Churchill Downs Released 'Low-hanging Fruit' Safety Rules after 12 Deaths

FROM Tuesday's Horse
June 2023

New rules are not for safety. They had the public, the national media paying attention. They had to come up with something—'Ok, here's what we're doing to change things'—so it looks like they're doing something different... nothing to help the Horses of course. 

Churchill Downs stable

Excerps from original article By Stephanie Kuzydym, June 30, 2023, Louisville Courier Journal:

Tommy Vance’s cell phone continued to buzz in his hand. “This is someone else who saw the news and wants to know why,” he said. State veterinarians had scratched two of the three horses he shipped to Ellis Park for the relocated Churchill Downs Spring Meet. Racing hadn’t even started.

Vance, a third-generation horse trainer, spent the morning responding to owners who wanted to know why Catty Cruise, a chestnut filly, and Wesleyan, a dark bay gelding, were scratched.

It’s been an ever-changing eight weeks for trainers who race thoroughbreds in Kentucky. Eleven of them lost horses in just over a month at Churchill Downs.
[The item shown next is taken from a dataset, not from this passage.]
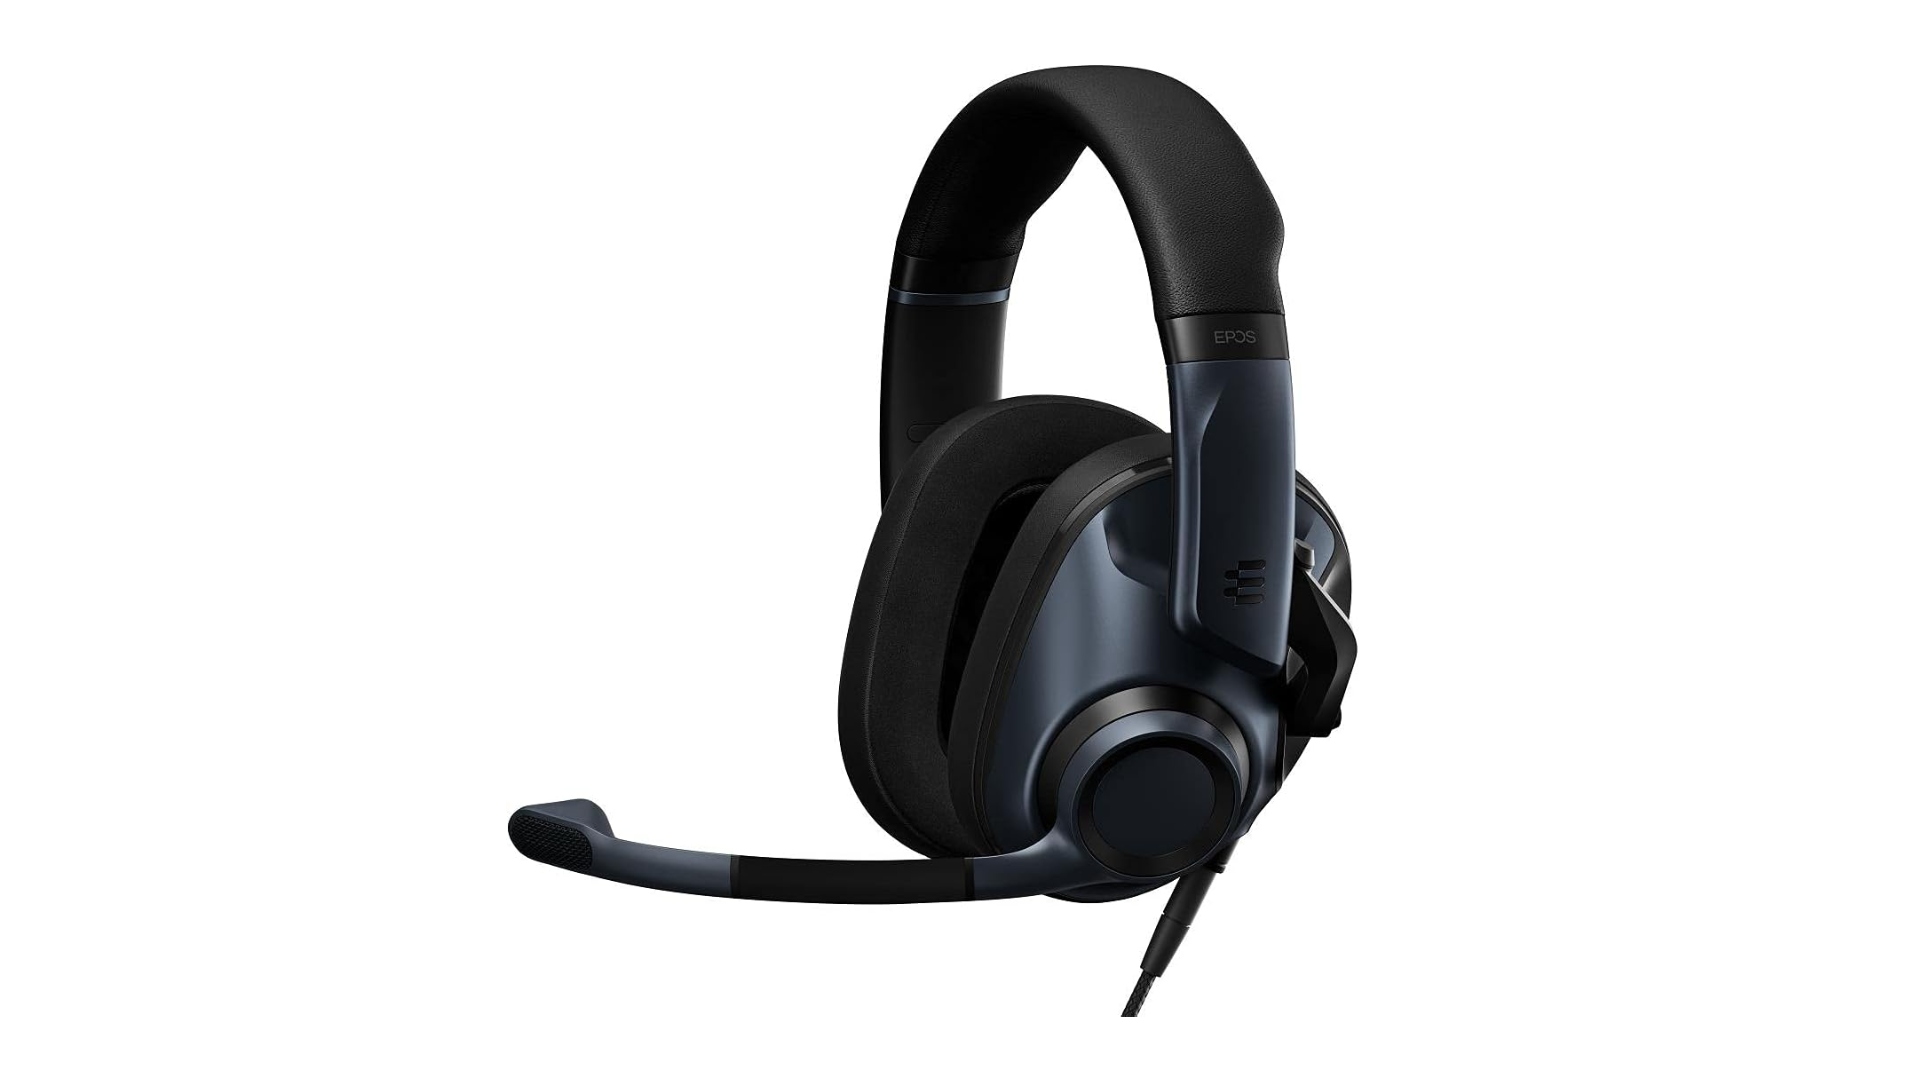 Save up to £95 off this Epos H6 Pro gaming headset from  in

The deaths of the Derby dozen put a spotlight on the already highly-regulated job trainers do, which for the last 20 years has called for a decrease in race-day medications and an increase in testing to the picograms, or one trillionth of a gram. “That’s like finding a grain of salt in a swimming pool,” a horse veterinarian told the Courier Journal.

Then, Churchill—the very track trainers grew up loving and still publicly adore — put out new safety initiatives all aimed at the horses and horsemen. This is despite the fact that they don’t know what caused the deaths and had two track experts analyze the famed dirt following concerns.

The initiatives took away money, restricted starts and provided more standards for a horse’s poor performance.

“These initiatives were the low-hanging fruit. It’s something Churchill could push out easy and institute immediately,” a source with intimate knowledge of the backside at Churchill Downs told The Courier Journal.

Churchill Downs did not respond to multiple Courier Journal interview requests about the safety initiatives.

More than a dozen trainers, who regularly work horses on the backside of Churchill Downs, wonder what the “safety initiatives” really protect.

“It’s not for safety,” said Wayne Catalano, a three-time Breeders’ Cup-winning trainer. “They had the public, the national media paying attention. They had to come up with something—‘Ok, Here’s what we’re doing to change things’—to look like they’re doing something different.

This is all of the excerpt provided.